20 Books of Summer 2018

Run by the lovely Cathy at 746 Books every year (here‘s her introductory post), 20BooksOfSummer sees a whole load of us reading, well, 20 books from 1 June to 3 September every year. I’ve been taking part since 2015 (not always successfully) and you can see my master page, where I pull together my reviews and round-up here.

I’m being really quite ambitious this year. My PILE is drawn solely from my TBR and doesn’t include Kindle books (I know I have at least three or four to read for NetGalley) or the three Iris Murdoch books I’ll read for #IMreadalong. I am including eight books for August which will also participate in All Virago (and Persephone) / All August, which I do with the LibraryThing Virago Group every year. And I reckon I can do it, especially as I’m trying hard to address my work/life balance, so HAVING to read is a good thing.

So, here’s the pile, I’ll be reading it from bottom up, so it’s lucky it lives sensibly on my shelves, not lounging around on the duvet, as here …

William Sitwell – “Eggs or Anarchy” – The story of how Lord Woolton, Minister for Food, fed Britain during WWII

Amit Katwala – “The Athletic Brain” – About how neuroscience is revolutionising sports science and can apparently even help amateur sportspeople at all levels.

Vikas Swarup – “The Accidental Apprentice” – His more famous novel is Q&A, filmed as Slumdog Millionaire. In this one, an ordinary sales assistant is swept up to become a CEO by a billionaire, but why and will she pass his seven tests?

George Eliot – “Scenes of Clerical Life” – One of the few Eliots I haven’t read now, her earliest stories of religion, power and love.

David Weir – “Weirwolf” – The autobiography of the amazing athlete who’s won everything from the London marathon multiple times to Paralympics medals at different distances.

Robert McFarlane – “The Old Ways” – I think everyone in the world except for me has read this, where he follows the old tracks, hollow ways, drovers’ paths etc. of Britain.

Clare Balding – “Walking Home” – Not a second volume of autobiography but more walking, this time around modern Britain, meeting people. This will either go really well with / contrast with the McFarlane or I’ll get heartily sick of all the walking and have to swap the order!

Gillian Tindall – “The Tunnel Through Time” – Looks at the archaeological and sociological evidence uncovered by the building of Crossrail in London as well as historical sources to show who walked those routes and when.

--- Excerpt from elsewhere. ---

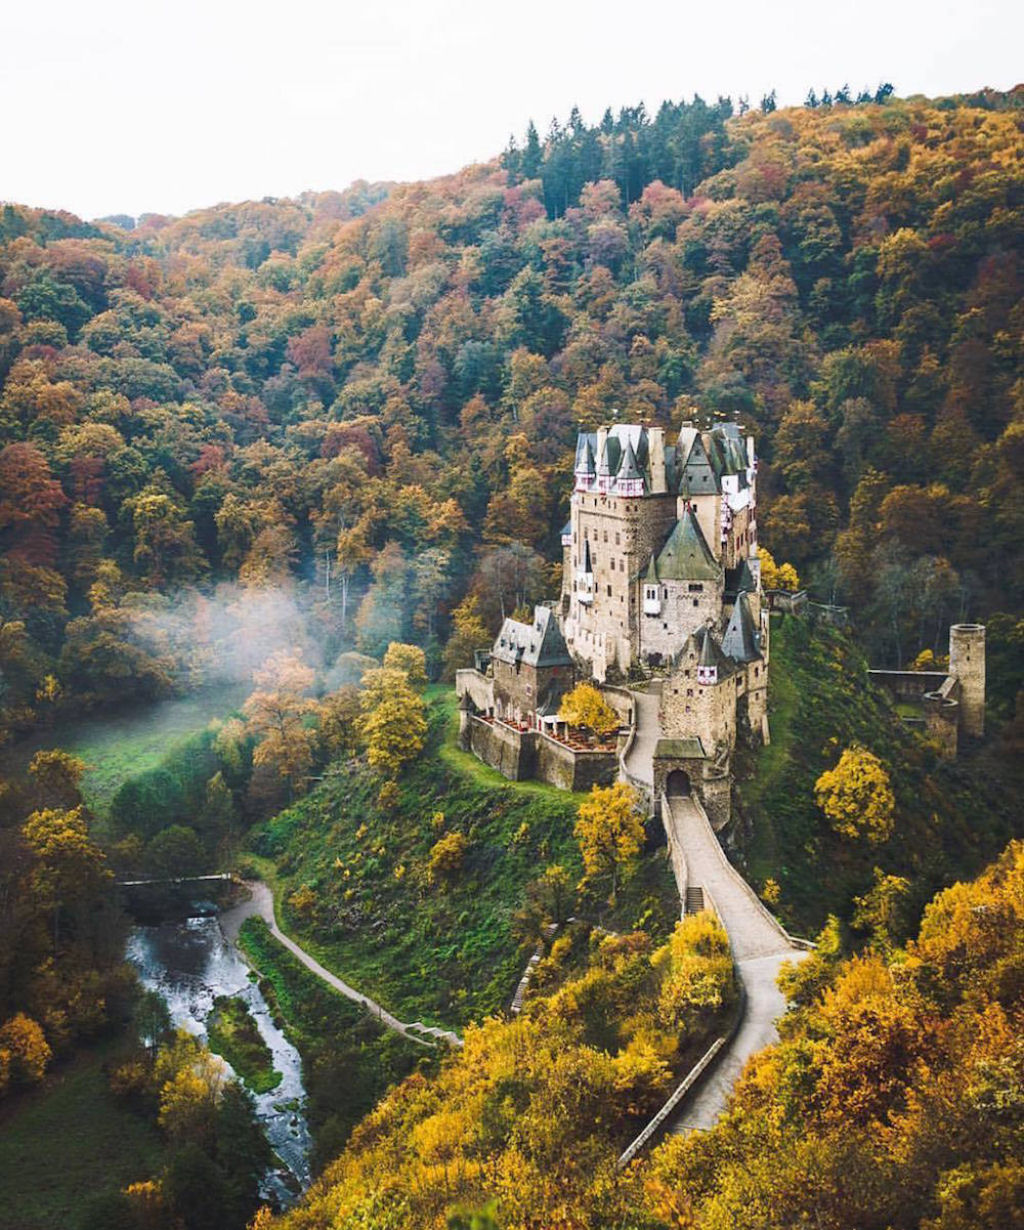 O castelo de Eltz, ena Alemanha, foi construdo no sculo XII. Resistiu a passagem do tempo at nossos dias.

Christopher McDougall – “Born to Run” – I think all runners who read have probably read this seminal text on barefoot and ultrarunning (and barefoot ultrarunning), something I really don’t want to do but find fascinating.

Peter Ginna (ed.) – “What Editors Do” – Includes a chapter by my friend Katharine O’Moore-Klopf and loads of detail about the work of the editor.

Prajwal Parajuly – “Land Where I Flee” – Phew, another bit of fiction at last! Three expats fly back to Sikkim for their grandmother’s birthday. Will they gain her blessing and retain their sanity and escape again?

Becky Wade – “Run the World” – Reports on running cultures from around the world, some of which I’ve already read about, some of which will be new to me. I see that I skipped over another expat fiction work in the TBR to read yet another running book …

And the Viragoes and Persephones for August. First some Viragoes:

Ellen Glasgow – “Barren Ground” – A 1925 novel detailing the life of a Virginia woman who survives an early disappointment to build her own life.

Ann Bridge – “Peking Picnic” – Her first novel, a diplomat’s wife realises the contrast between China and England, along with a cast of fellow English people. She’s such a witty writer and conveys place so well.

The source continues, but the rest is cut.